WASHINGTON (Reuters) – The United States is pausing certain foreign assistance programs benefiting the government of Gabon following last month’s coup, U.S. Secretary of State Antony Blinken said in a statement released by the U.S. State Department on Tuesday.
The U.S. is holding back assistance that might aid the Gabon government but continuing operational activities in the country, including diplomatic and consular operations supporting U.S. citizens.
The move is in line with steps taken by Economic Community of Central African States, the African Union, and other international partners.
“The U.S. government is pausing certain foreign assistance programs benefiting the government of Gabon while we evaluate the unconstitutional intervention by members of the country’s military,” Blinken said.
* Army officers in Gabon seized power on Aug. 30, annulling an election minutes after an announcement that President Ali Bongo had won, which they said was not credible. Bongo had been in power since 2009.

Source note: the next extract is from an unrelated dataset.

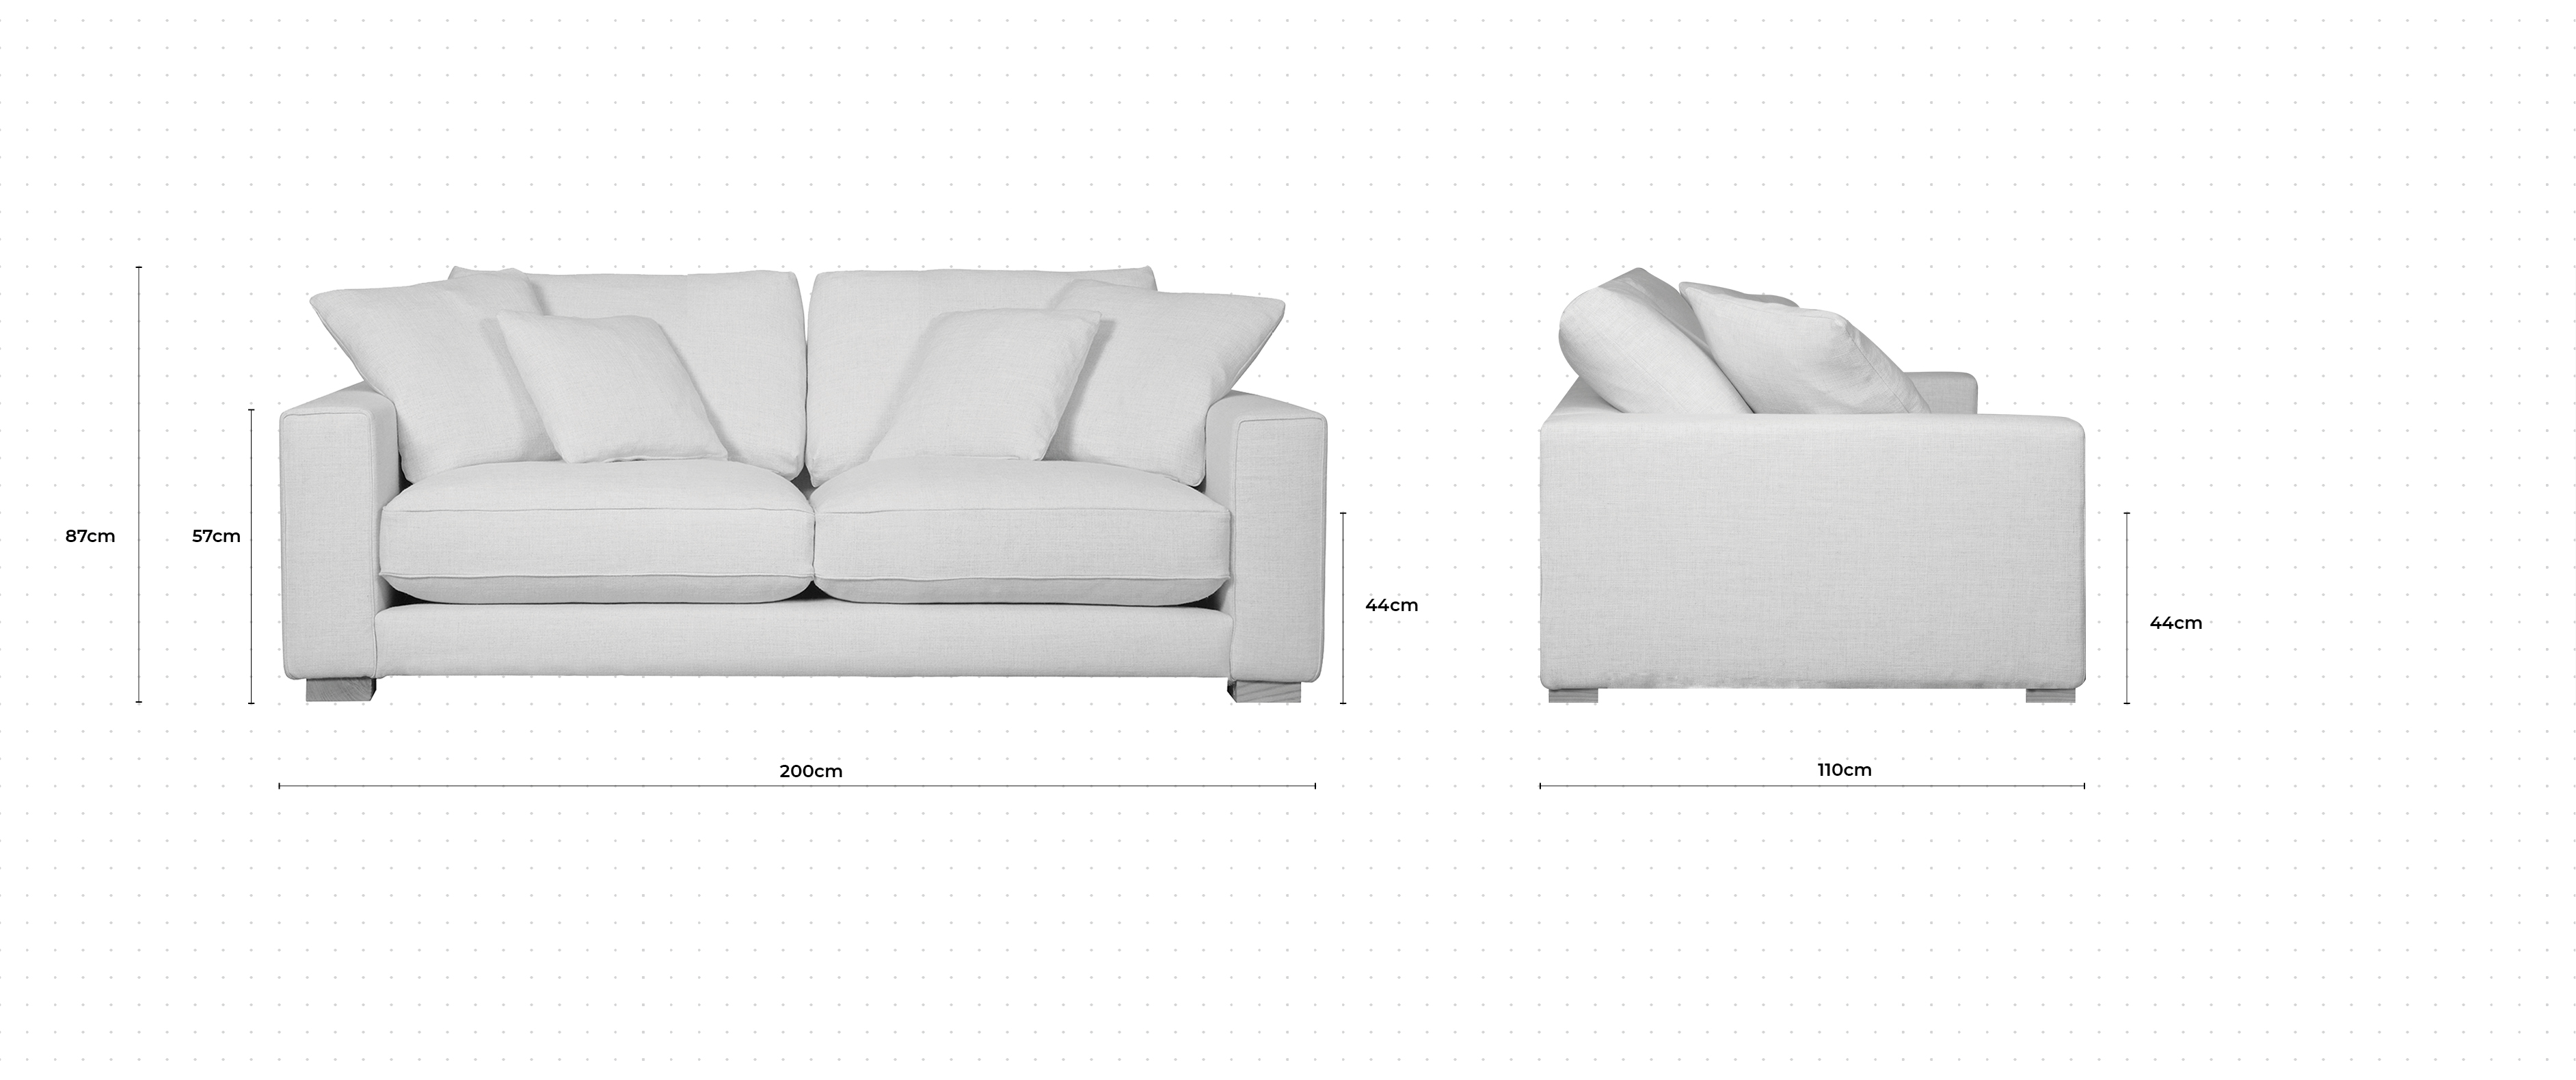 Dillon 2.5 Seater Sofa dimensions

* The junta has promised to oversee free and fair elections, but has not given a precise timetable for organising them.
* A 24-month transition to elections in Gabon would be “reasonable” after last month’s coup, junta-appointed Prime Minister Raymond Ndong Sima was quoted as saying by French news agency AFP earlier this month.
* The Bongo family’s dynastic rule in the Central African oil producer had created widespread discontent, with critics saying the Bongos did little to share Gabon’s wealth with its 2.3 million people.
* The African Union suspended Gabon’s membership following the coup.